Ingredients:

  • 200g graham cracker crumbs
  • 85g unsalted butter, melted
  • 25g granulated sugar
  • 0.25 tsp fine sea salt
  • 450g full-fat block cream cheese, room temperature
  • 100g powdered sugar, sifted
  • 120g plain full-fat Greek yogurt
  • 240ml heavy whipping cream, cold
  • 1 tbsp pure vanilla bean paste
  • 1 tsp fresh lemon juice

Instructions:

  1. Combine 200g crumbs, 85g melted butter, 25g sugar, and salt. Note: It should feel like wet sand.
  2. Press mixture firmly into the bottom of a 9 inch pan.

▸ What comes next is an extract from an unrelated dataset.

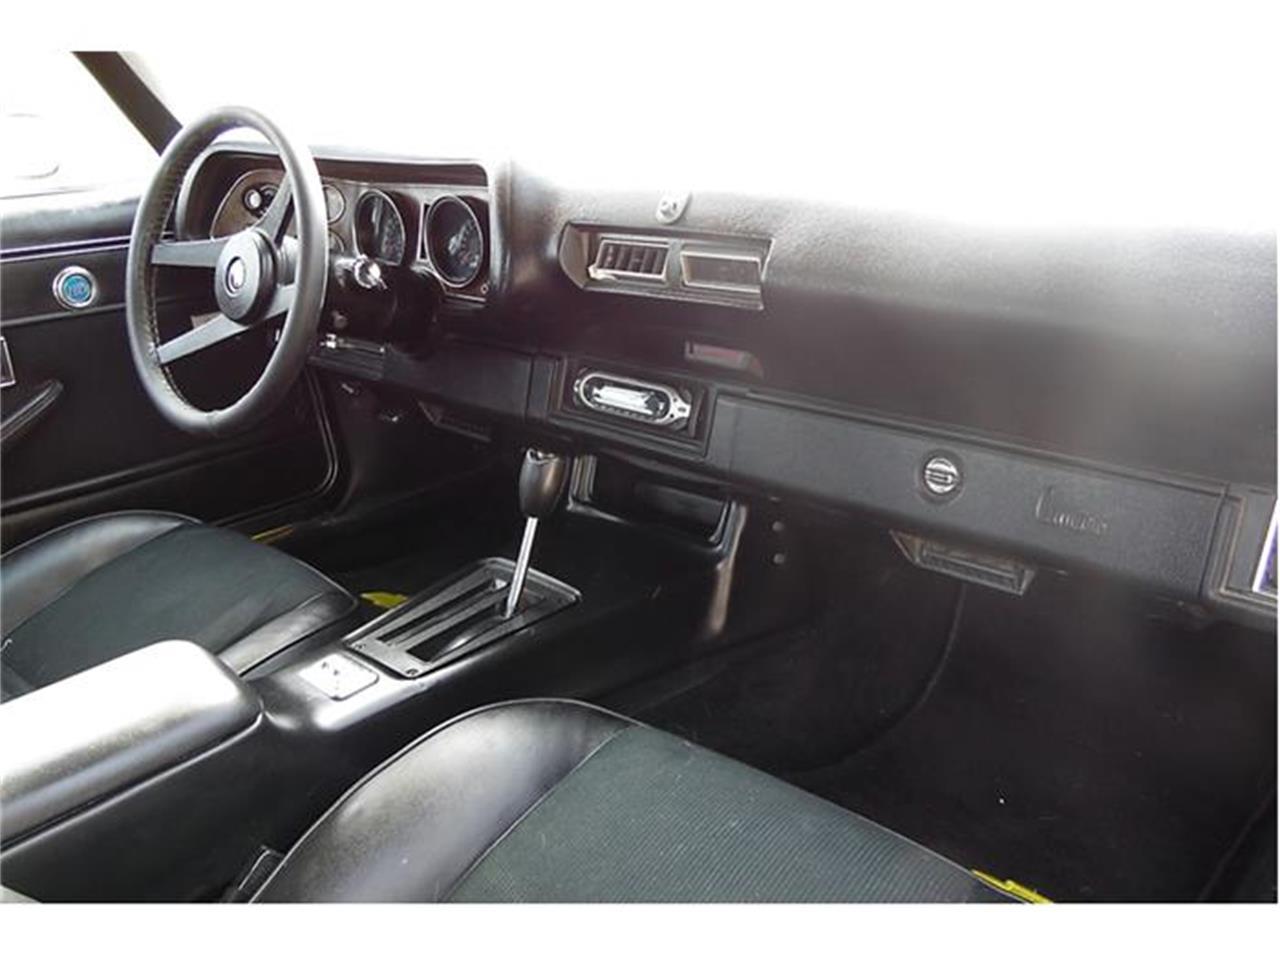 Large Picture of '74 Chevrolet Camaro located in Redlands California - $9,995.00 - GP98

Note: Work the edges first for a clean border.
  3. Freeze the crust for 15 minutes until solid and cold to the touch.
  4. Beat 450g room temp cream cheese and 100g powdered sugar until smooth and free of lumps.
  5. Mix in 120g Greek yogurt, vanilla paste, and 1 tsp lemon juice.
  6. Whip 240ml heavy cream in a separate cold bowl until stiff peaks hold their shape.
  7. Gently fold the whipped cream into the cheese mixture. Note: Use a spatula to keep the air in.
  8. Pour filling over the chilled crust and smooth the top.
  9. Chill in the fridge for 6 hours until the center barely jiggles when shaken.
  10. Run a warm knife around the edge before releasing the springform latch.